■ **Data provided**:
[Start of section]
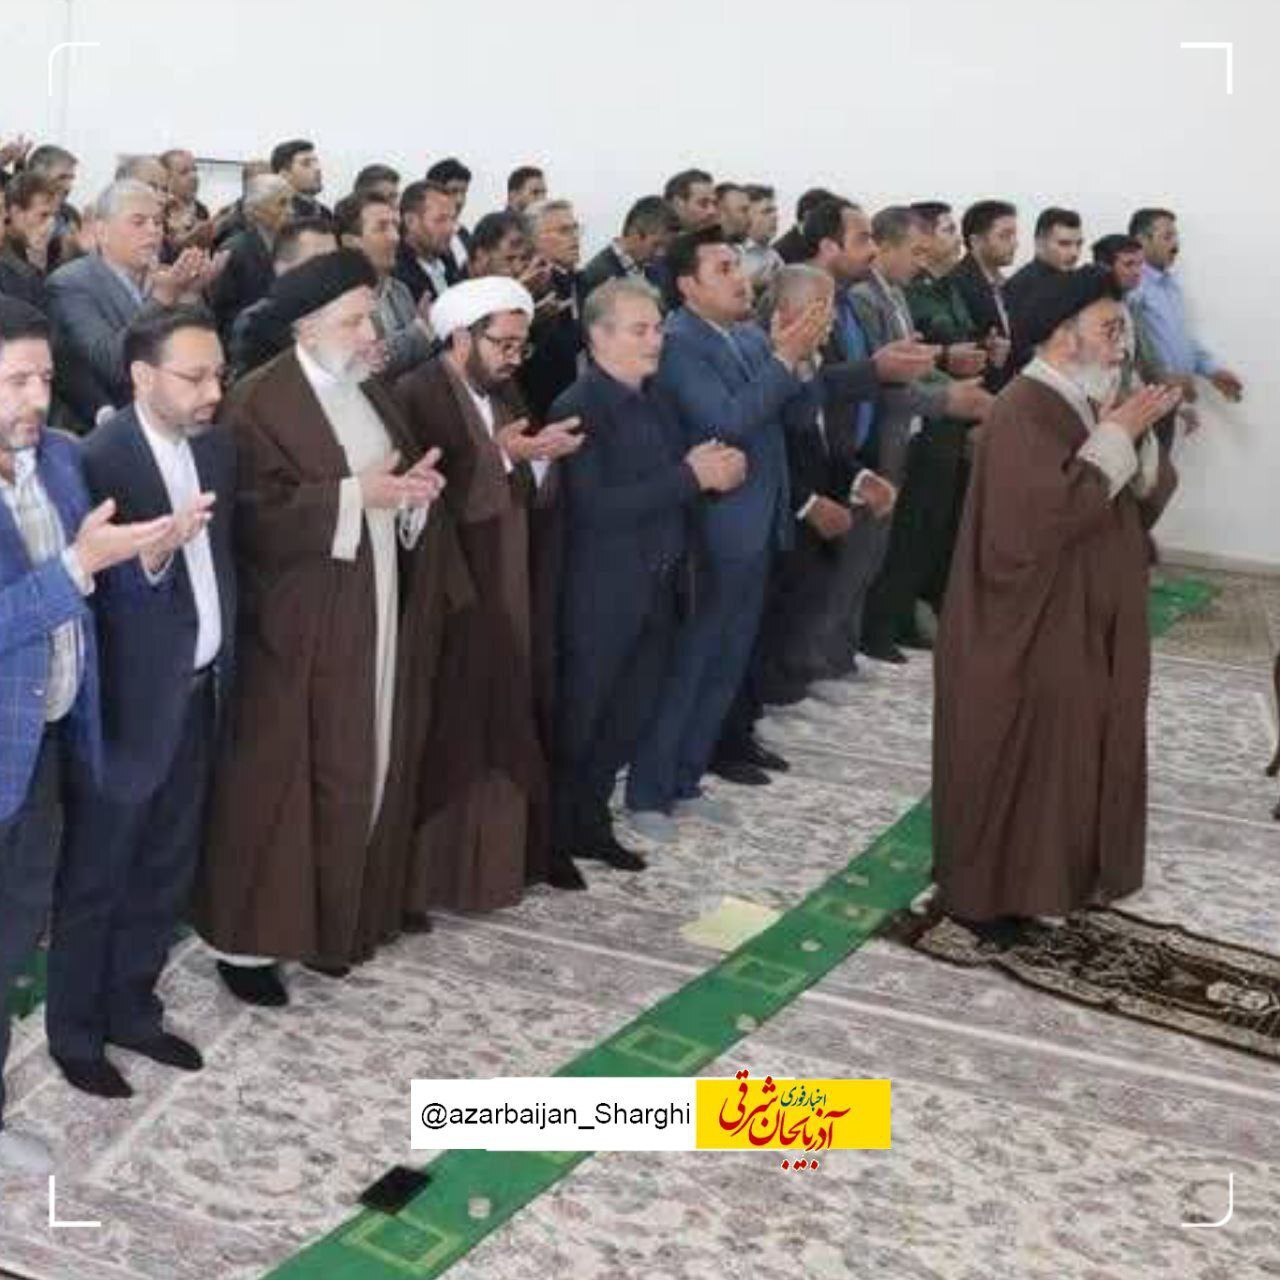 تصویر باورنکردنی آخرین نماز رئیسی و آل هاشم پیش از سقوط بالگرد ؛ کدام یک امام جماعت بودند؟
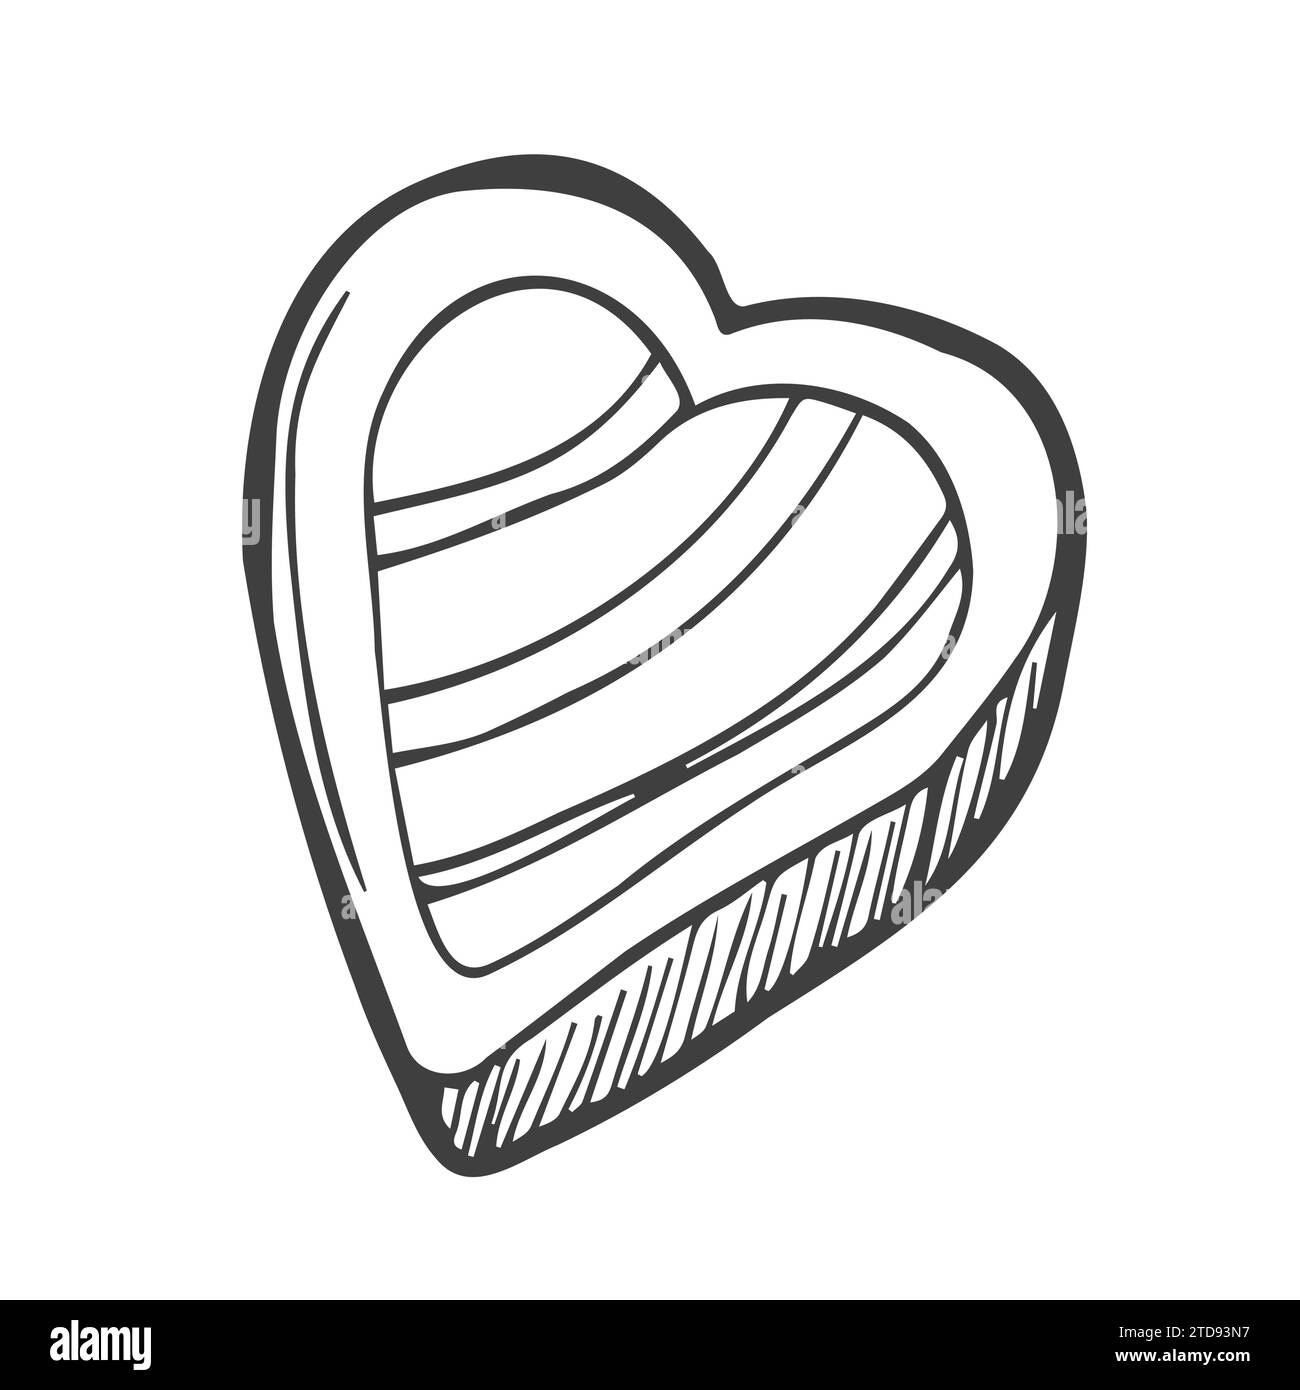 Vector mano dibujado doodle dulce corazón caramelo aislado en fondo blanco. Esquema plano de conversación de dibujos animados Ilustración del Vector
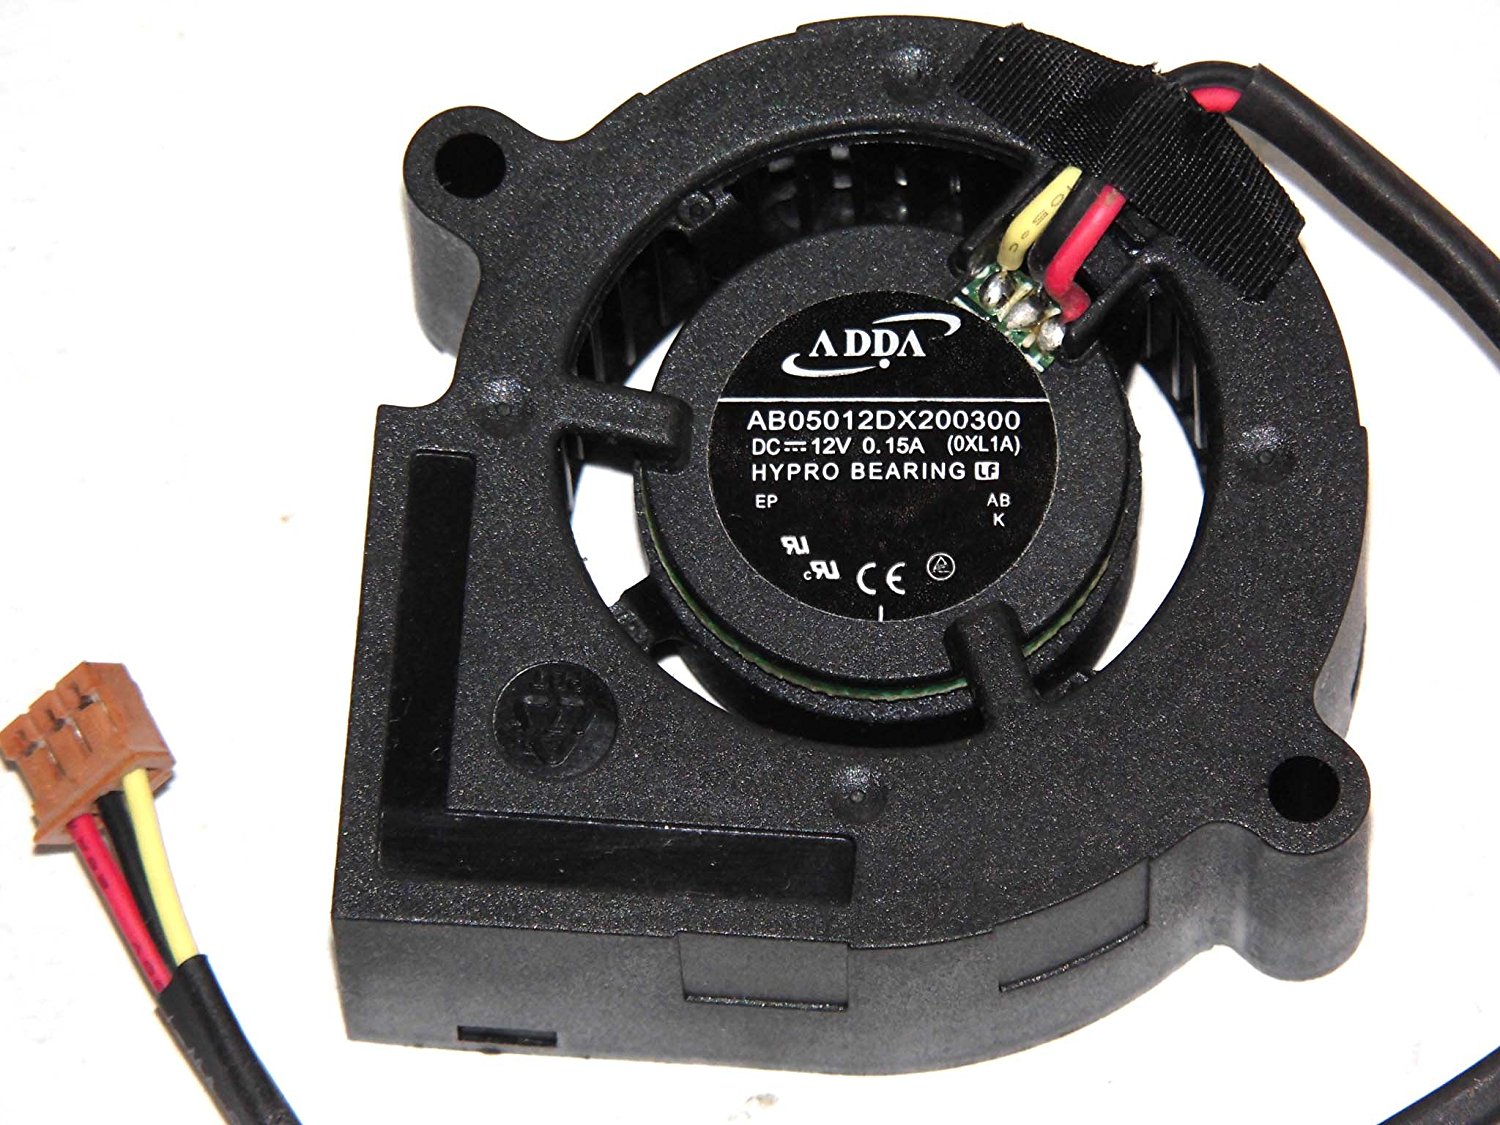 Ventilador de refrigeración AB05012DX200300 ADDA adecuado para proyector de 12V 0,15A
[End of section]
The expected output is the exact run of lines from the one containing "Vector mano dibujado" through the final line of the data above, both ends included, with no pictures.

 Vector mano dibujado doodle dulce corazón caramelo aislado en fondo blanco. Esquema plano de conversación de dibujos animados Ilustración del Vector
 Ventilador de refrigeración AB05012DX200300 ADDA adecuado para proyector de 12V 0,15A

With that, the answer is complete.